With the pictures left out, restate exactly the part below that opens with the line containing "Long Sleeve Tshirt" and closes with the line containing "do dogs stop eating in hot weather".
─── RECORDS PROVIDED ───
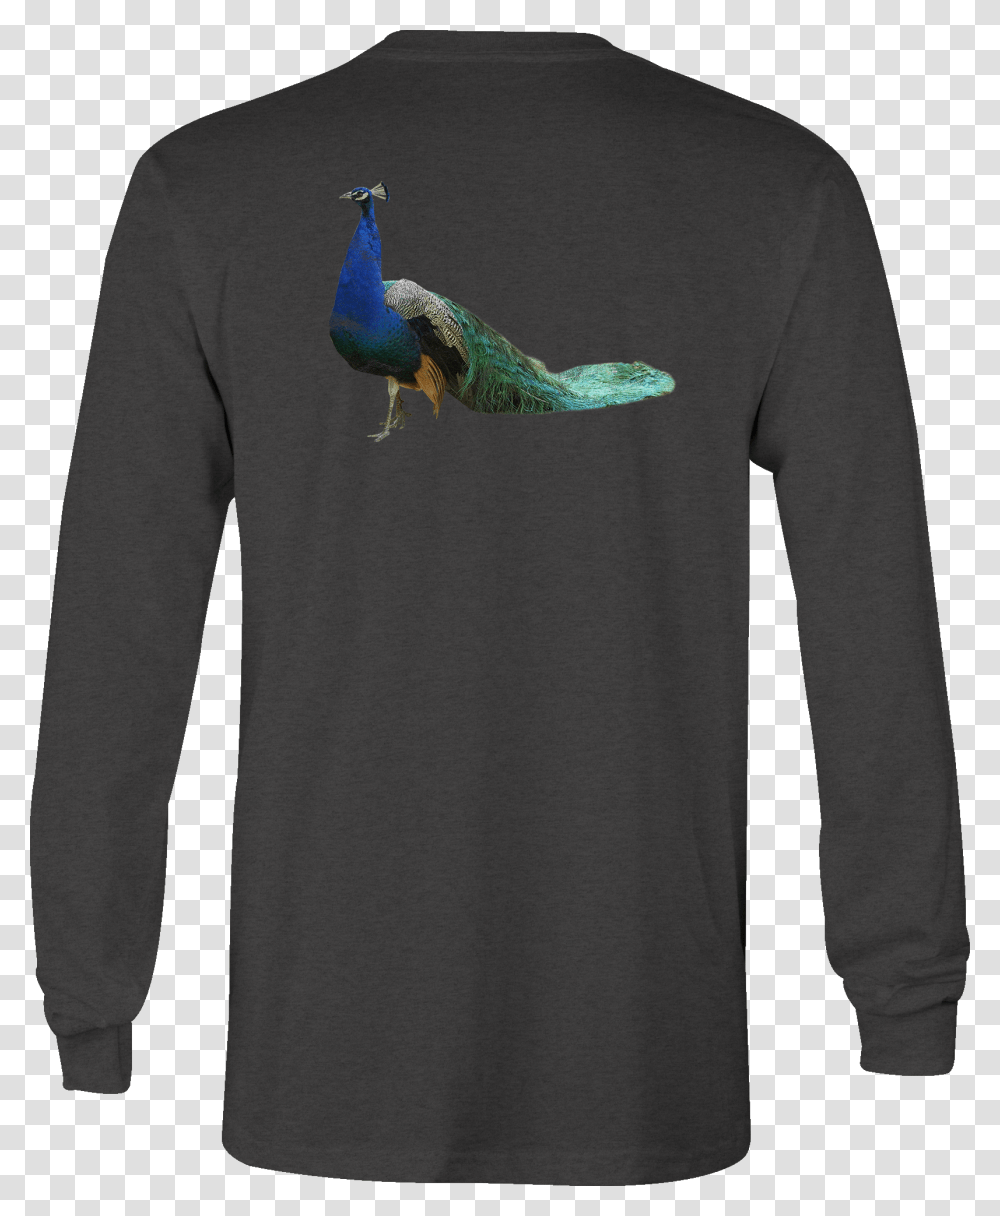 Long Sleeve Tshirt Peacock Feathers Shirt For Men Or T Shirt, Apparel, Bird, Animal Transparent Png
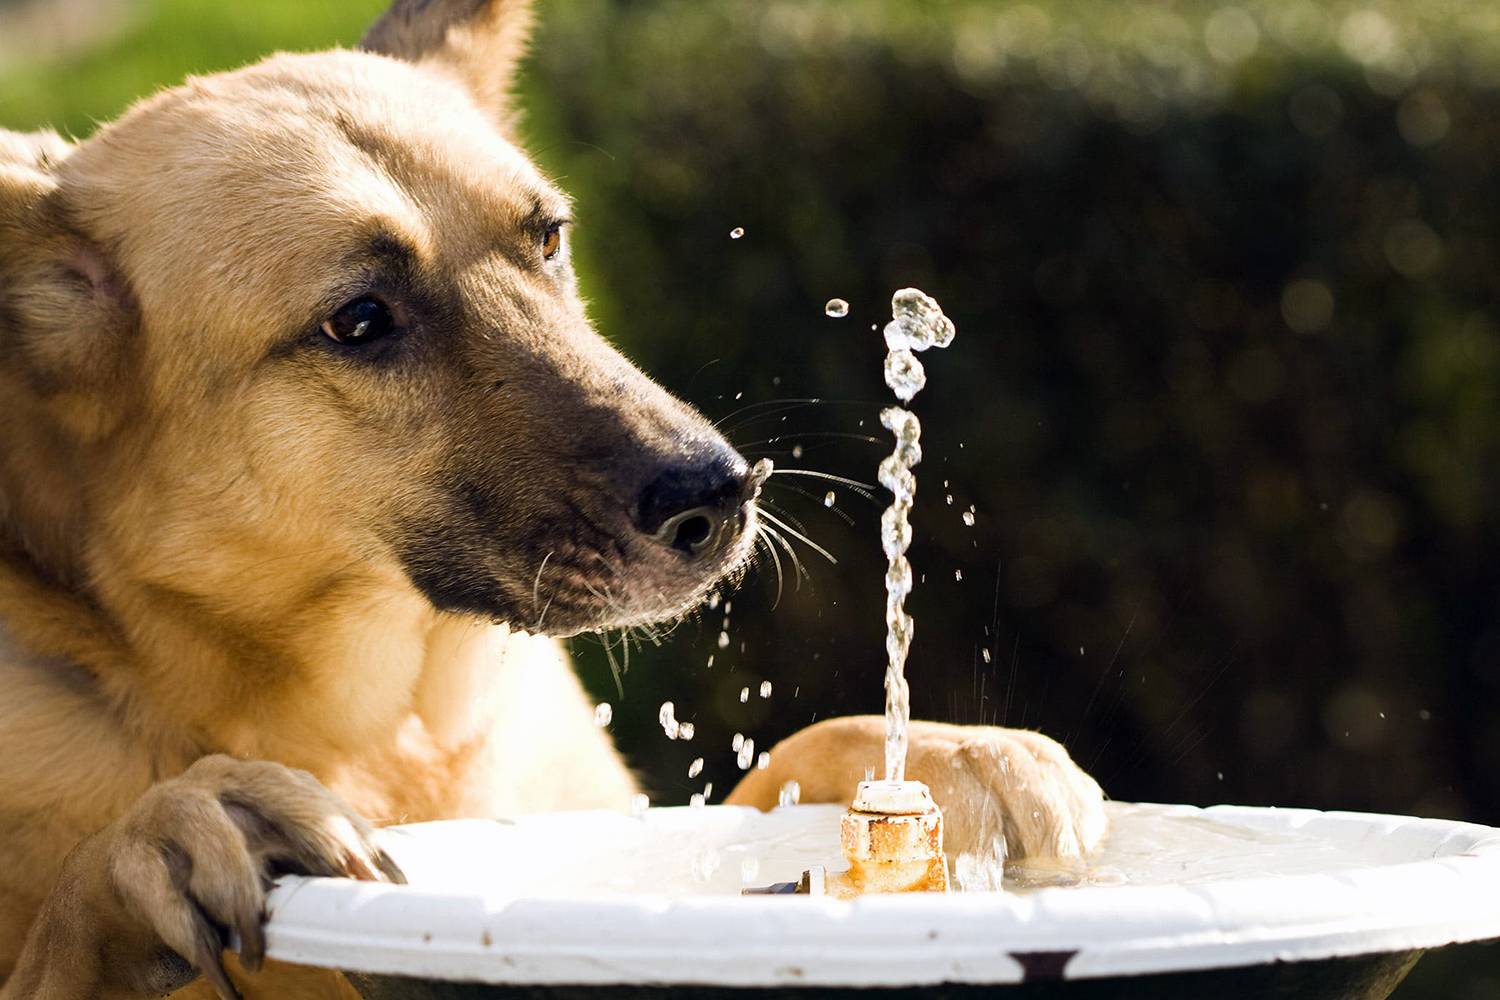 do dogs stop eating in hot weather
───
─── RECORDS PROVIDED ───
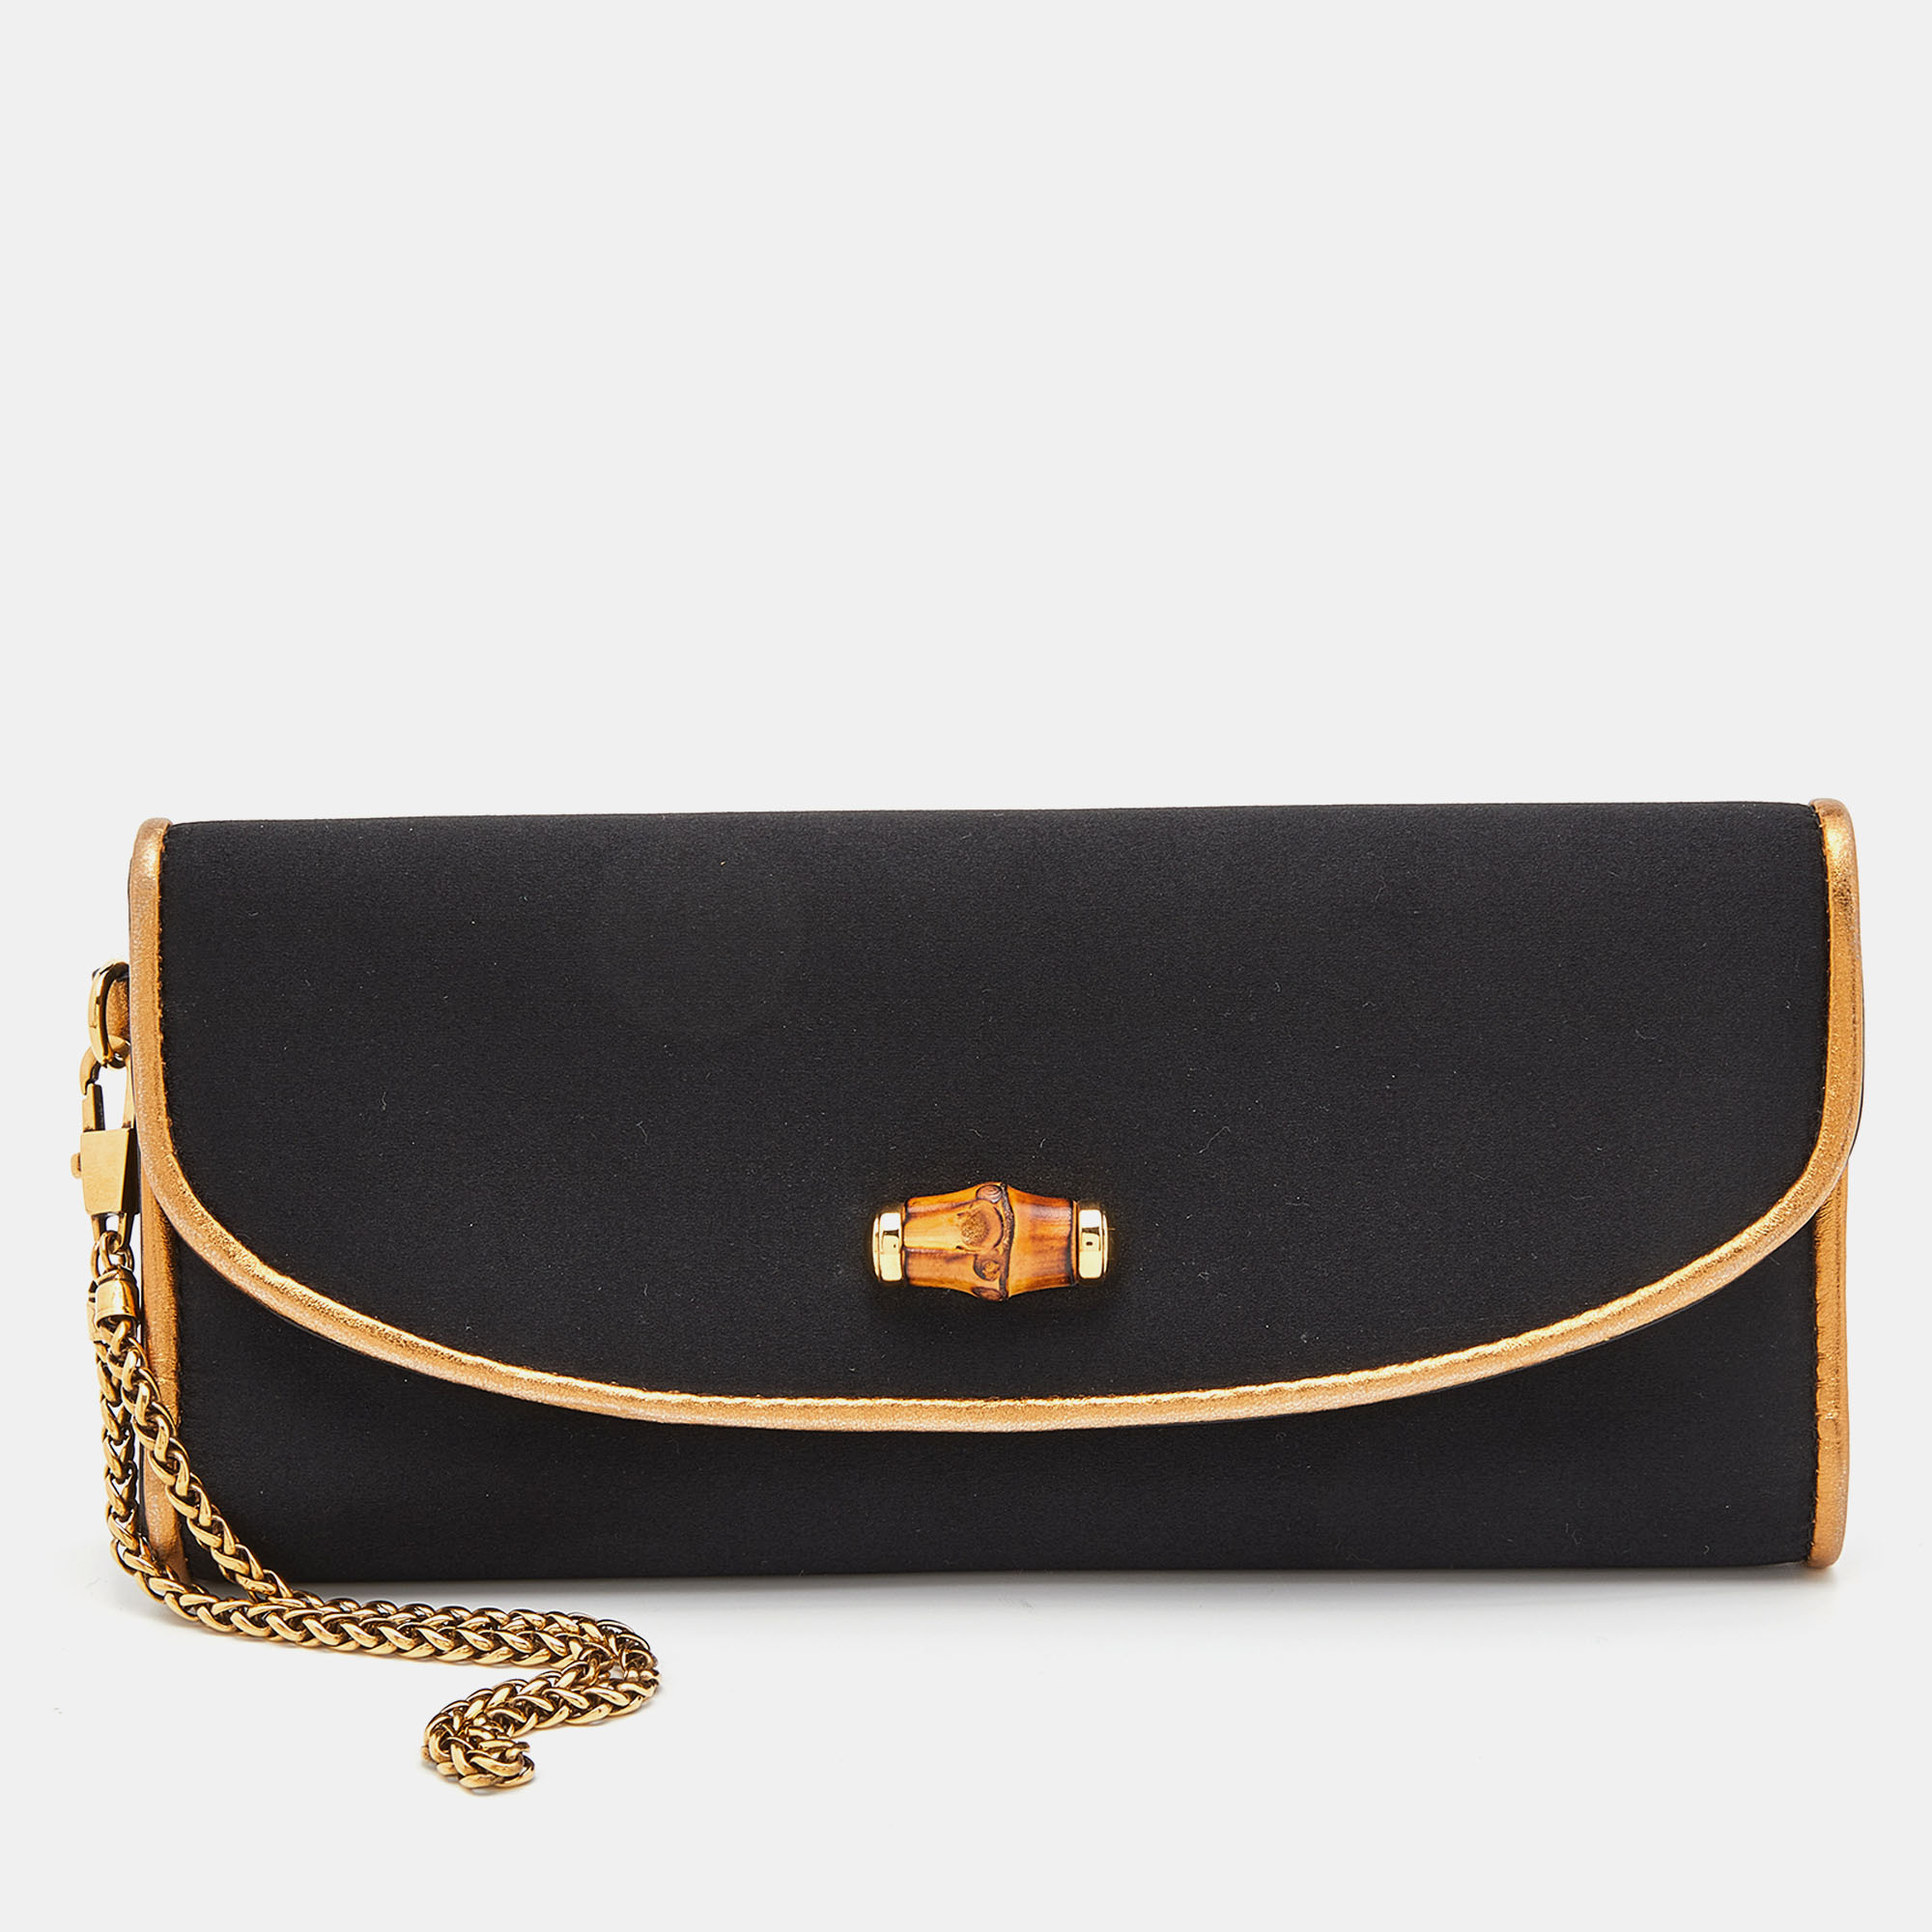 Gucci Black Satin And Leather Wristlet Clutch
───
─── RECORDS PROVIDED ───
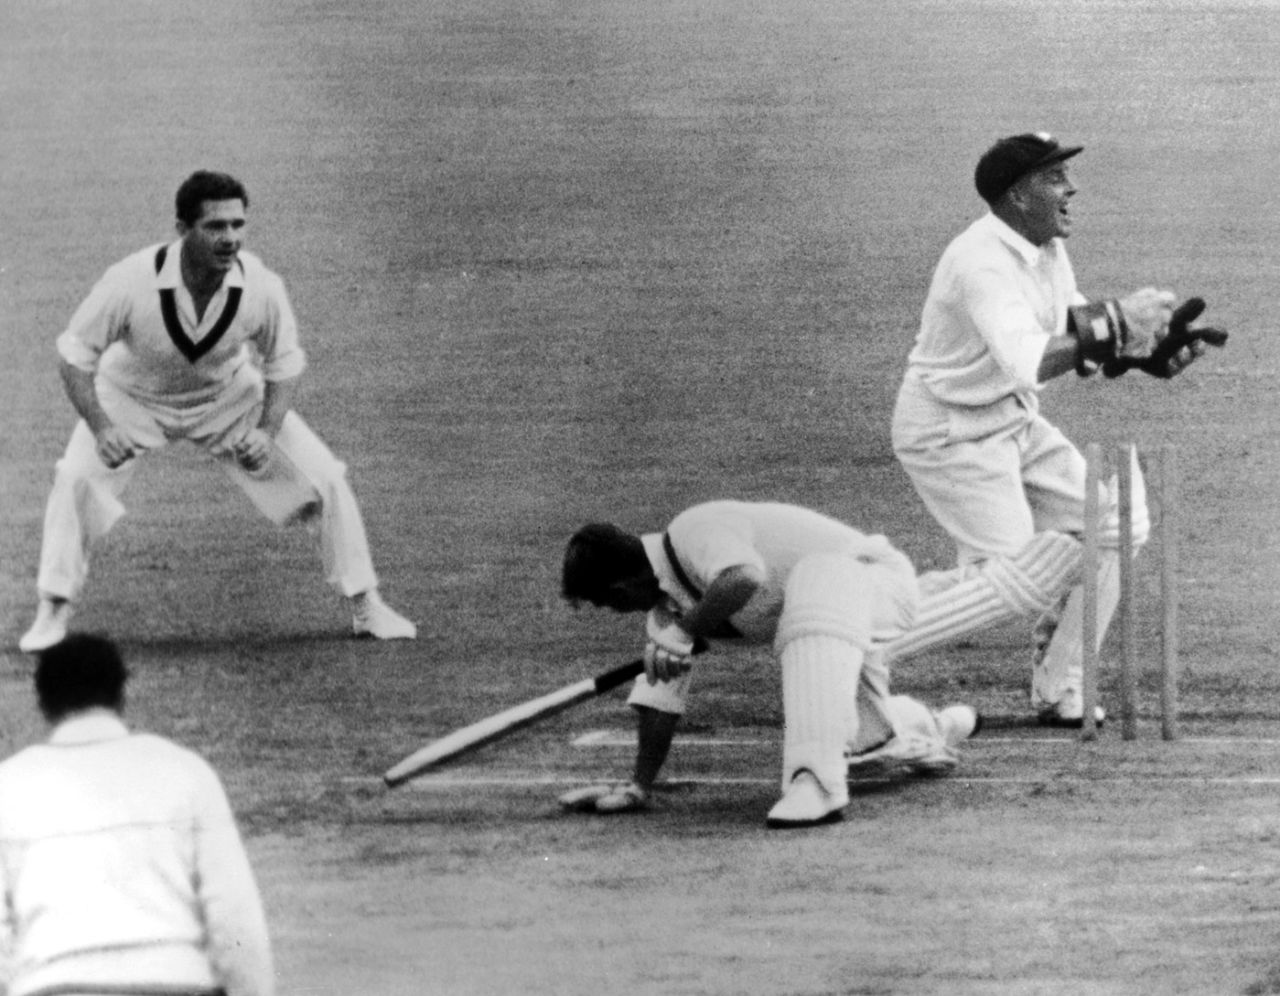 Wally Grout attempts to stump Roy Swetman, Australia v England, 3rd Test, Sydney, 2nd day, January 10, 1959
───
#### [SOLUTION TO THIS TASK]
 Long Sleeve Tshirt Peacock Feathers Shirt For Men Or T Shirt, Apparel, Bird, Animal Transparent Png
 do dogs stop eating in hot weather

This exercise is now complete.